However, I'm not sure if all problems with the graph change can be
solved this way and whether we can really allow graph changes while
iterating the graph for bdrv_drained_begin/end. Not allowing it would
require some more serious changes to the block jobs that delays their
completion until after bdrv_drain_end() has finished (not sure how to
even get a callback at that point...)

And the test cases that Jeff mentions still fail with this patch, too.
But at least it doesn't only make failure less likely by reducing the
window for a race condition, but seems to attack a real problem.

Kevin


diff --git a/block/io.c b/block/io.c
index 4fdf93a014..6773926fc1 100644
--- a/block/io.c
+++ b/block/io.c
@@ -42,9 +42,9 @@ static int coroutine_fn bdrv_co_do_pwrite_zeroes(BlockDriverState *bs,
 
 void bdrv_parent_drained_begin(BlockDriverState *bs)
 {
-    BdrvChild *c;
+    BdrvChild *c, *next;
 
-    QLIST_FOREACH(c, &bs->parents, next_parent) {
+    QLIST_FOREACH_SAFE(c, &bs->parents, next_parent, next) {
         if (c->role->drained_begin) {
             c->role->drained_begin(c);
         }
@@ -53,9 +53,9 @@ void bdrv_parent_drained_begin(BlockDriverState *bs)
 
 void bdrv_parent_drained_end(BlockDriverState *bs)
 {
-    BdrvChild *c;
+    BdrvChild *c, *next;
 
-    QLIST_FOREACH(c, &bs->parents, next_parent) {
+    QLIST_FOREACH_SAFE(c, &bs->parents, next_parent, next) {
         if (c->role->drained_end) {
             c->role->drained_end(c);
         }


Re: [Qemu-devel] [Qemu-block] [PATCH 0/1] block: Workaround for the iotests errors
Posted by John Snow 6 years, 4 months ago

On 11/27/2017 06:29 PM, Kevin Wolf wrote:
> Am 23.11.2017 um 18:57 hat Fam Zheng geschrieben:
>> Jeff's block job patch made the latent drain bug visible, and I find this
>> patch, which by itself also makes some sense, can hide it again. :) With it
>> applied we are at least back to the ground where patchew's iotests (make
>> docker-test-block@fedora) can pass.
>>
>> The real bug is that in the middle of bdrv_parent_drained_end(), bs's parent
>> list changes.
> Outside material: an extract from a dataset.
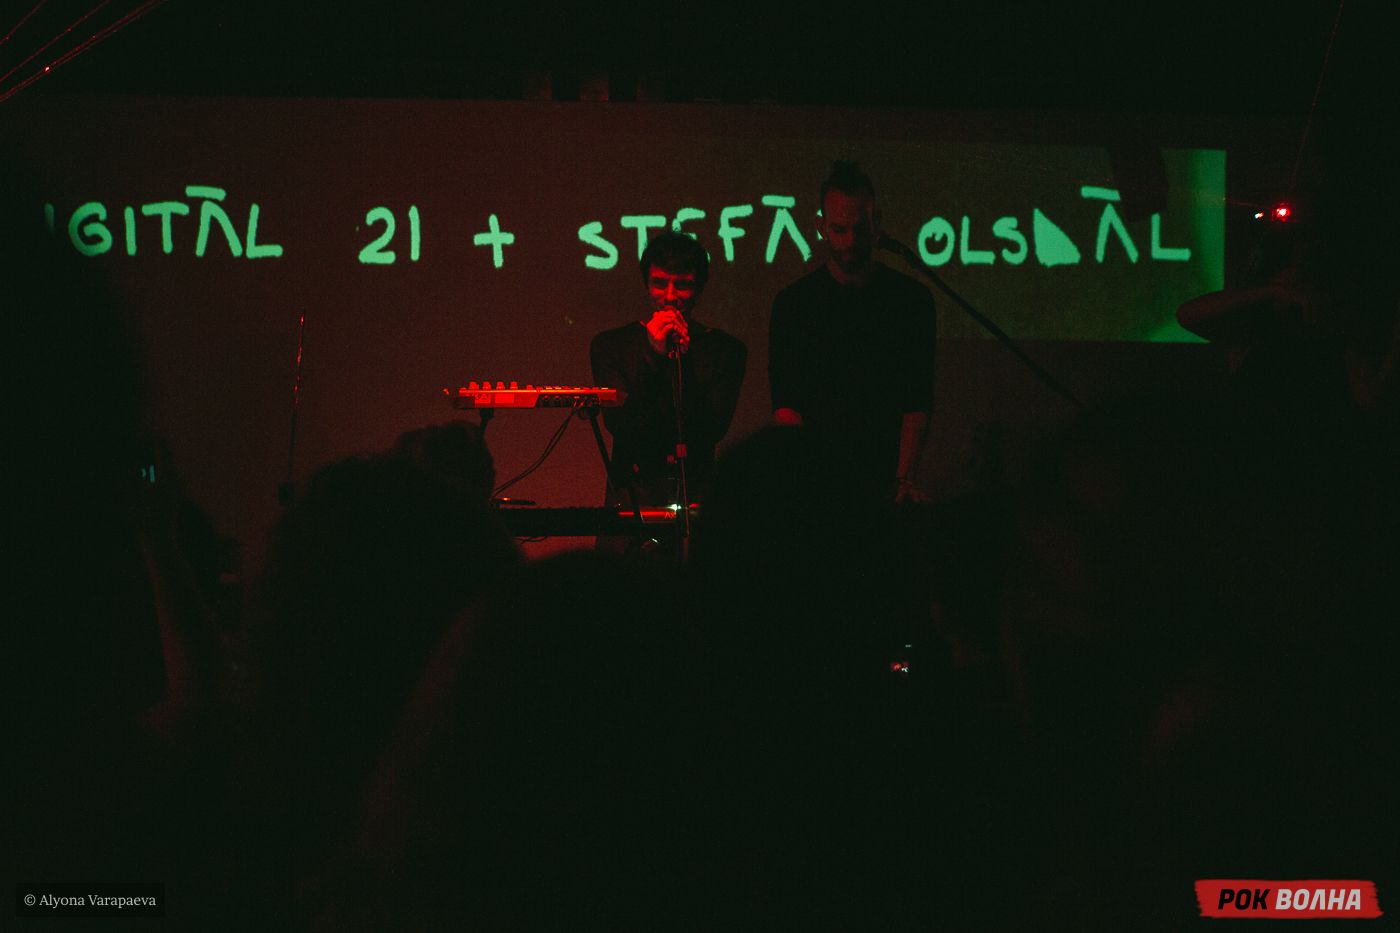 Световые лучи и гипнотические ритмы в "Доме Силы": Digital 21 + Stefan Olsdal в Москве

One drained_end call before the mirror_exit() already did one
>> blk_root_drained_end(), a second drained_end on an updated parent node can do
>> another same blk_root_drained_end(), making it unbalanced with
>> blk_root_drained_begin(). This is shown by the following three backtraces as
>> captured by rr with a crashed "qemu-img commit", essentially the same as in
>> the failed iotest 020:
> 
> My conclusion what really happens in 020 is that we have a graph like
> this:
> 
>                              mirror target BB --+
>                                                 |
>                                                 v
>     qemu-img BB -> mirror_top_bs -> overlay -> base
> 
> bdrv_drained_end(base) results in it being available for requests again,
> so it calls bdrv_parent_drained_end() for overlay. While draining
> itself, the mirror job completes and changes the BdrvChild between
> mirror_top_bs and overlay (which is currently being drained) to point to
> base instead. After returning, QLIST_FOREACH() continues to iterate the
> parents of base instead of those of overlay, resulting in a second
> blk_drained_end() for the mirror target BB.
> 
> This instance can be fixed relatively easily (see below) by using
> QLIST_FOREACH_SAFE() instead.
> 
> However, I'm not sure if all problems with the graph change can be
> solved this way and whether we can really allow graph changes while
> iterating the graph for bdrv_drained_begin/end. Not allowing it would
> require some more serious changes to the block jobs that delays their
> completion until after bdrv_drain_end() has finished (not sure how to
> even get a callback at that point...)
> 
> And the test cases that Jeff mentions still fail with this patch, too.
> But at least it doesn't only make failure less likely by reducing the
> window for a race condition, but seems to attack a real problem.
> 
> Kevin
> 
> 
> diff --git a/block/io.c b/block/io.c
> index 4fdf93a014..6773926fc1 100644
> --- a/block/io.c
> +++ b/block/io.c
> @@ -42,9 +42,9 @@ static int coroutine_fn bdrv_co_do_pwrite_zeroes(BlockDriverState *bs,
>  
>  void bdrv_parent_drained_begin(BlockDriverState *bs)
>  {
> -    BdrvChild *c;
> +    BdrvChild *c, *next;
>  
> -    QLIST_FOREACH(c, &bs->parents, next_parent) {
> +    QLIST_FOREACH_SAFE(c, &bs->parents, next_parent, next) {
>          if (c->role->drained_begin) {
>              c->role->drained_begin(c);
>          }
> @@ -53,9 +53,9 @@ void bdrv_parent_drained_begin(BlockDriverState *bs)
>  
>  void bdrv_parent_drained_end(BlockDriverState *bs)
>  {
> -    BdrvChild *c;
> +    BdrvChild *c, *next;
>  
> -    QLIST_FOREACH(c, &bs->parents, next_parent) {
> +    QLIST_FOREACH_SAFE(c, &bs->parents, next_parent, next) {
>          if (c->role->drained_end) {
>              c->role->drained_end(c);
>          }
> 
> 

With this patch applied to 5e19aed5, I see the following failures (still?):

raw:
	055 (pause_job timeouts)
	109 (apparently a discrepancy over whether busy should be true/false.)

qcow2:
	056 (hang),
	087 (lacking crypto, normal for me)
	141 (unexpected timeout/hang)
	176 (SIGSEGV)
	188 (lacking crypto, normal for me)
	189 (lacking crypto, normal for me)
	198 (lacking crypto, I guess this is normal now)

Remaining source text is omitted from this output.